Firstly, How to Lose Friends and Alienate People is a bit of a strange beast. It clearly wants to be bitingly satirical. It also clearly wants to be a romantic comedy. What it does is fall clumsily between both stools. The romance is too abrupt and contrived, the satire limp and toothless. In fact, for what could have been a biting commentary on celebrity and a sort of testosterone fuelled Devil Wears Prada, it pretty much fails to ever hit a satirical note, instead relying on pratfalls and physical comedy for its humour.

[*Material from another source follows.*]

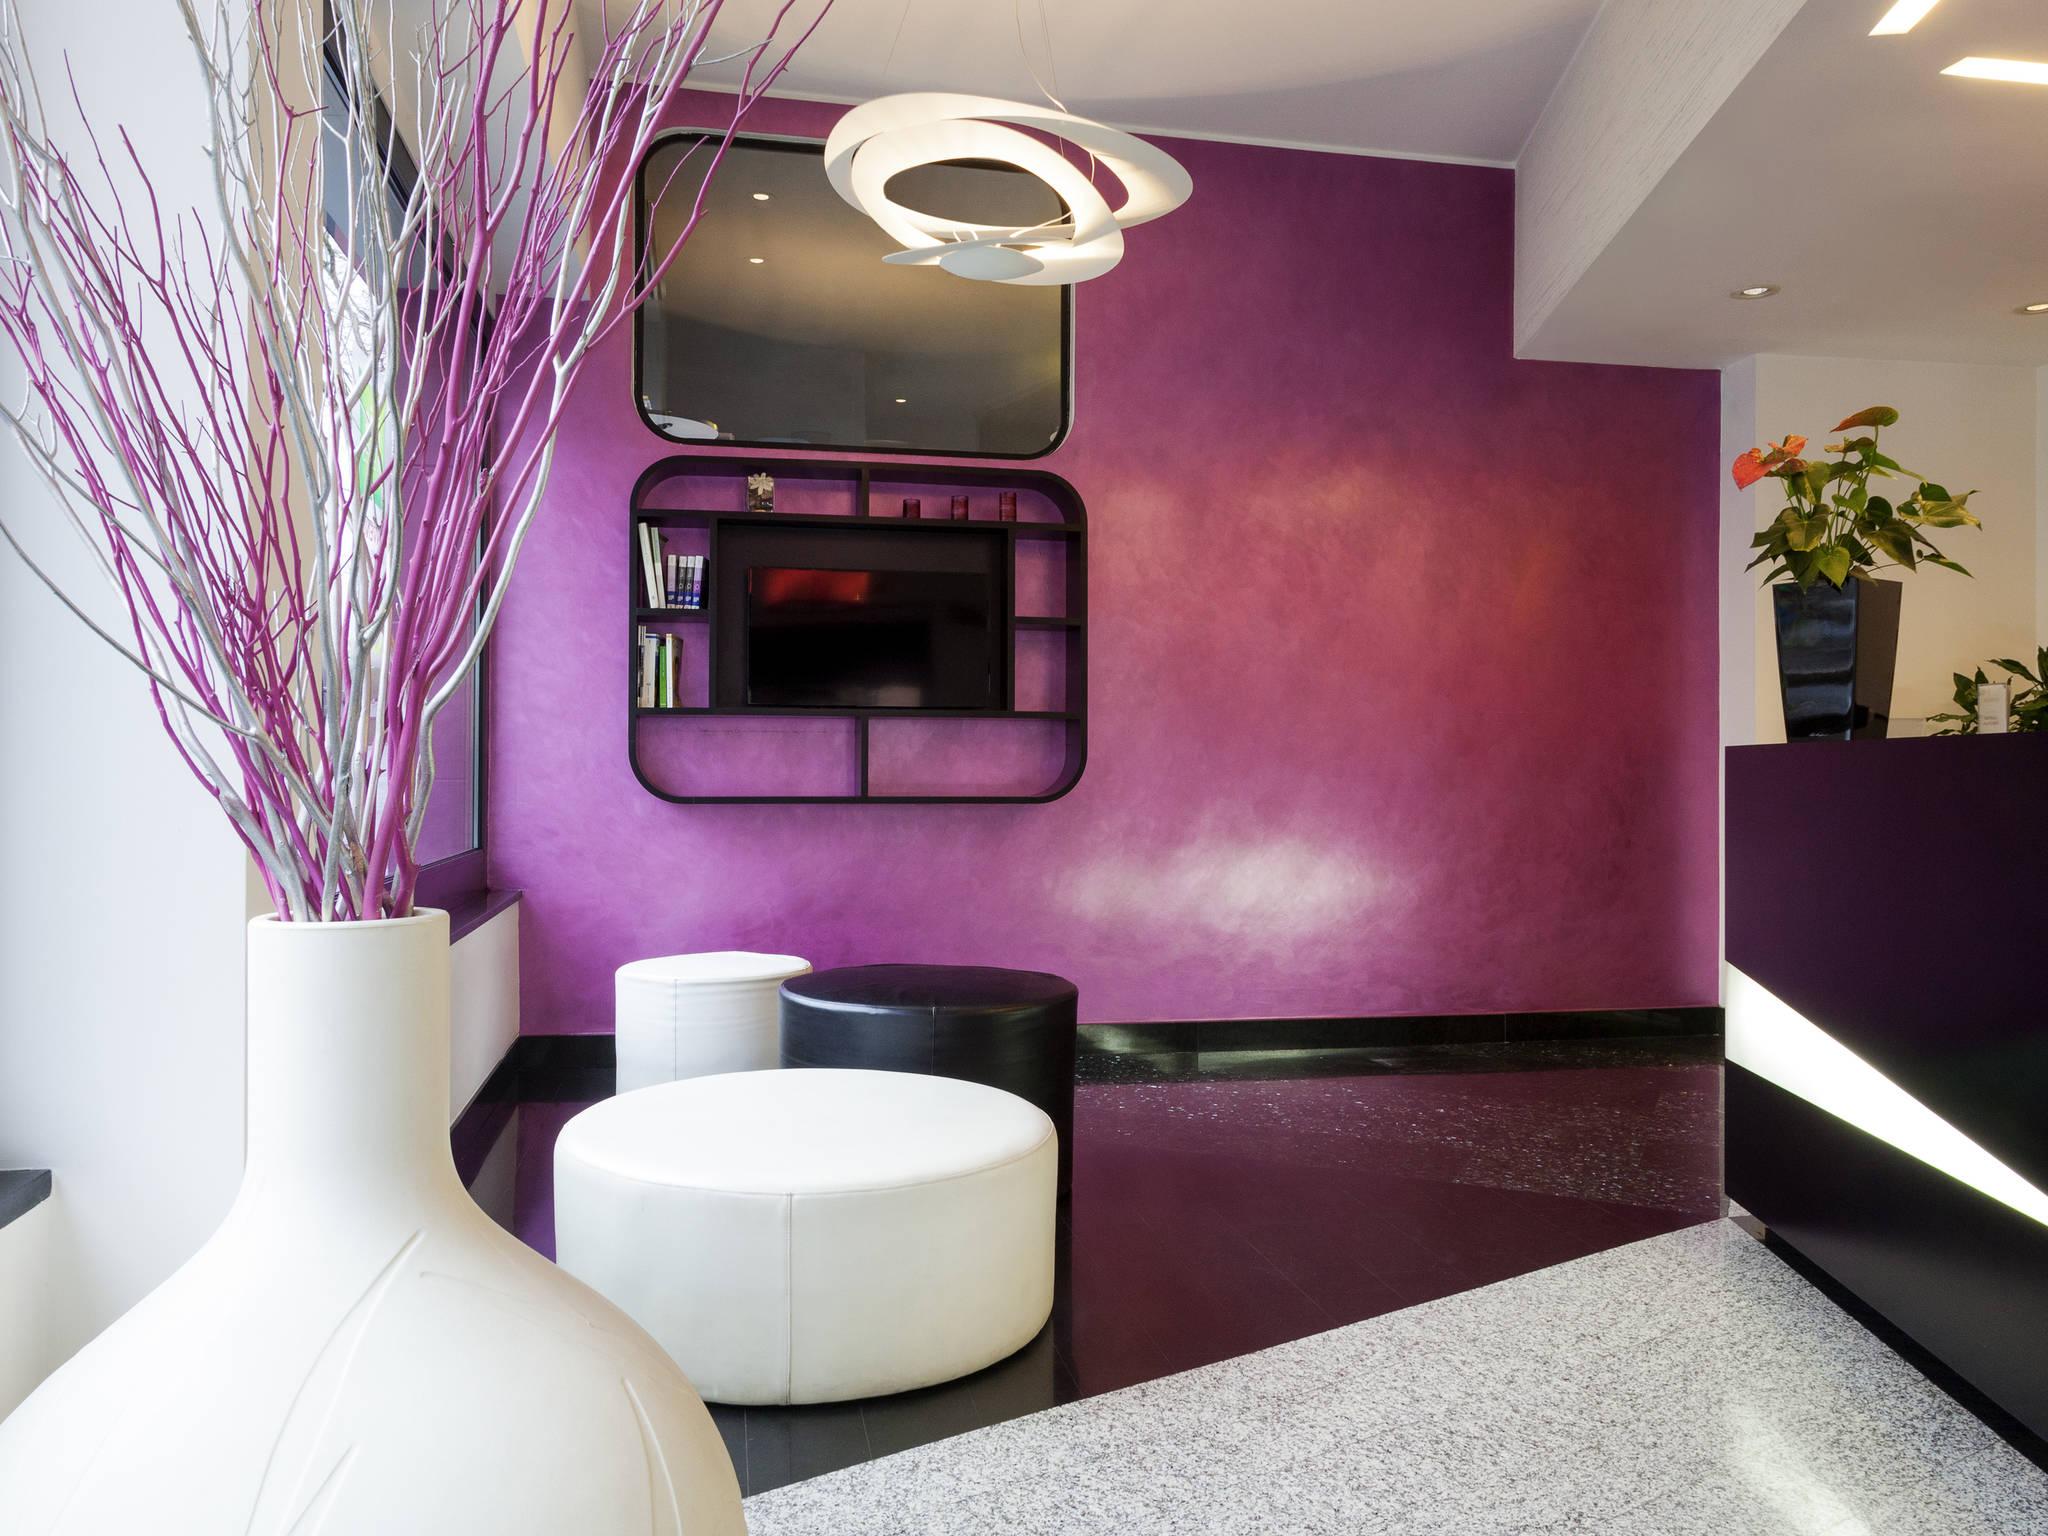 فندق - إيبيس ستايلز ibis Styles روما آرت نوبا

Based on Toby Young's memoir of his inglorious time at Vanity Fair magazine, where he infamously managed to upset the rich and famous, including hiring a stripper on Bring Your Daughters To Work Day. In the movie, the names have been changed to protect the innocent and a few of the incidents from the book are kept, but tagged onto a light romantic comedy of errors where Simon Pegg plays the British journalist who makes it into the "first room" of celebrity journalism, then proceeds to scupper his career with bad judgment and outrageous gaffes. The character starts the movie as a charmless jerk and it's only later we discover he's not entirely hapless, but Pegg's performance is, as always, packed full of charm. And, frankly, the main thing that keeps the movie afloat.

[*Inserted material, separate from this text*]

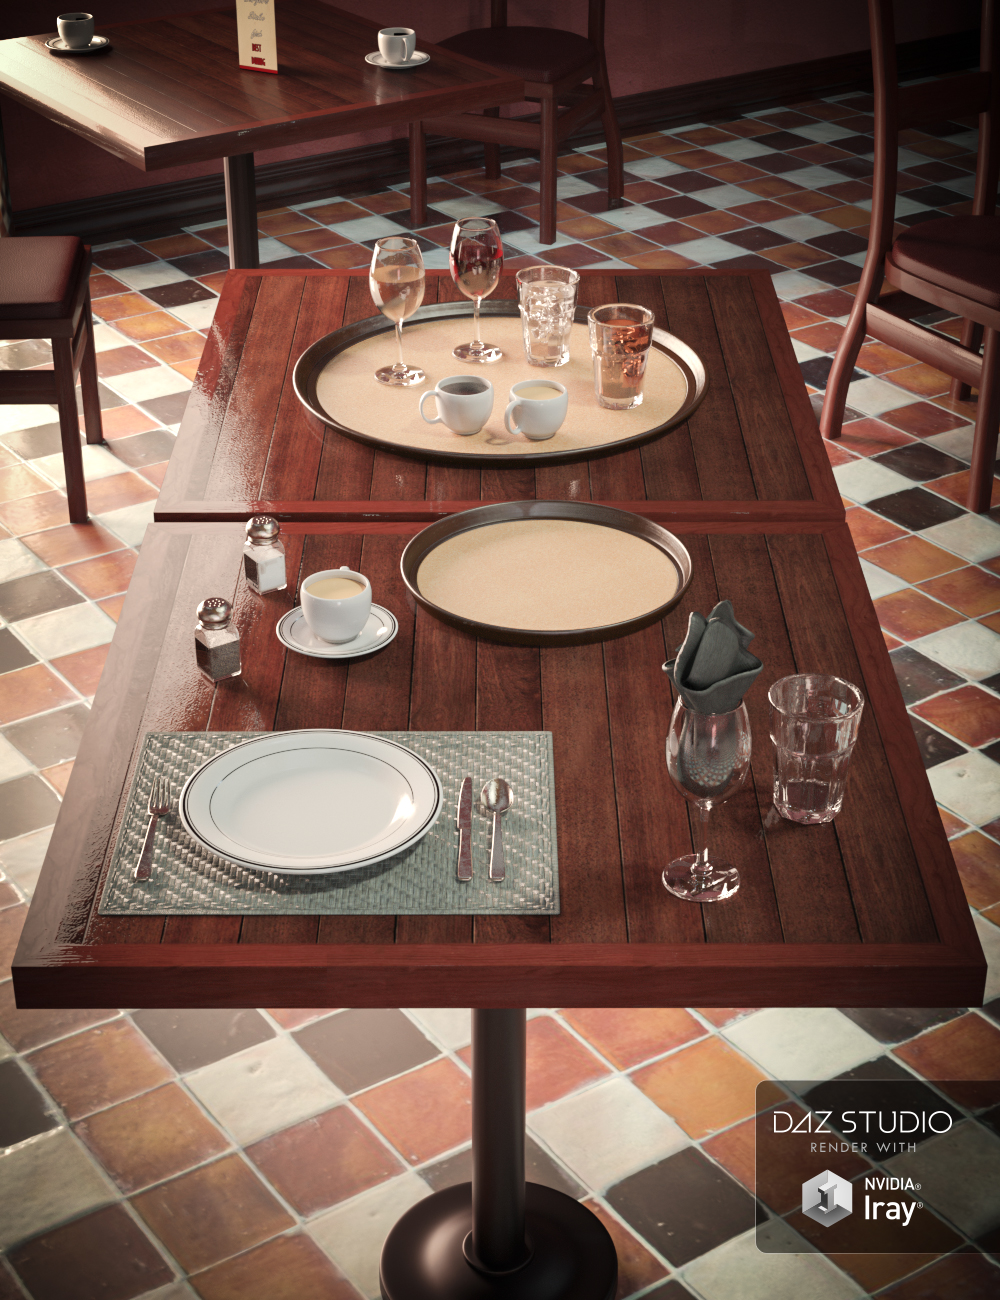 Restaurant Props by: SloshWerks, 3D Models by Daz 3D

Apart from him it's all limp, although not entirely without merit. Miriam Margoyles is always entertaining and the quiet moments with Bill Patterson as Pegg's father are nicely handled. There's a few subtle jokes, but all too often it's the dead dogs and comic slapstick that gets pushed to centre stage and it's hard to understand why magazine boss Jeff Bridges (underused) would hire such a dick head in the first place, even when the reasons are explained. The trouble I found is simply that it just tries to be a humorous romantic comedy with a tiny touch of bite instead of having any real teeth. For what it tries to be it, like Pegg's other US movie Run, Fatboy, Run it's entertaining enough. It's just disappointing when the set up and cast leads you to expect a little more.

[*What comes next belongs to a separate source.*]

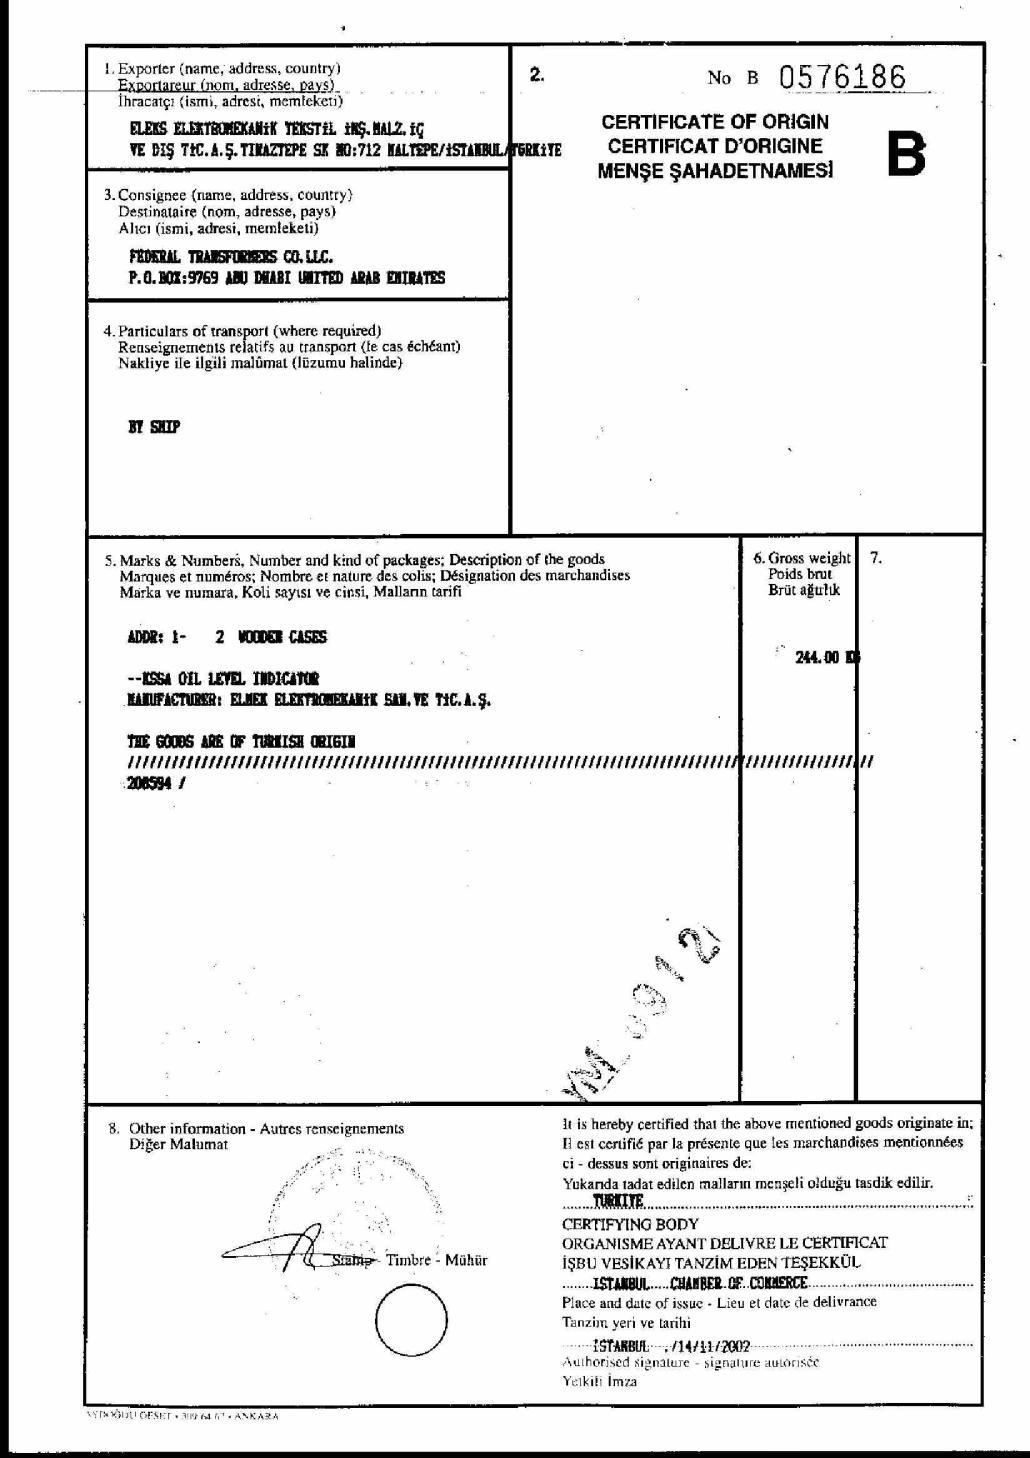 Certificate Of Origin Sample Letter from web.boun.edu.tr

Likewise, Be Kind Rewind fails to live up to expectations. The basic story, based on real life events, of some video store workers who start making their own versions of movies after the tapes get accidentally erased, has enough comic potential. It's just unfortunate that, a few moderately funny spoofs of existing movies aside, the movie tries so hard to be charming it just comes across as sickly sweet and too farcical where it should be plainly funny. The script deploys whimsy like a blunt instrument, something that's at odds with Jack Black's performance where, presumably he's supposed to be like Pegg, a jerk, but a likable one. In actual fact, Black simply comes across as a jerk, like his character in High Fidelity, but perhaps even more charmless. A sulky man-child in the company of an equally dense, but less offensive, man child in the shape of Mos Def. Two characters who make the cast of Dumb and Dumber seem like intellectuals. The stupidity is no doubt meant to be charming but comes across rather as grating,
We're meant to pull for the characters as their own brand videos start to take off and become lauded in their community and further, creating a real community spirit as everyone pitches in to sav... oh, stop. And more sweetness like that and my teeth will rot. As it is, I found the characters too irritating to pull for and found the popularity of their idea inexplicable - the idea of people queuing around the block to get the tapes, the whole community gathering to help them save the store for aging Danny Glover would probably have been rejected from It's A Wonderful Life for being too schmaltzy. I mean it's funny to start with. When they're doing Ghostbusters or Rush Hour 2, it's moderately amusing. But then they go on and on and on and gets tiresome as it reaches the climax, where they're involved in a big production, and I didn't believe any of it. I didn't believe anyone would want to watch their movies. I didn't believe street thugs would suddenly turn straight to help them out. I didn't believe anyone would find them charismatc enough to give a damn about. And that's the trouble.
A lot of people seem to find the movie charming, though. I'm a cynical bastard, though, so for me it was simply grating.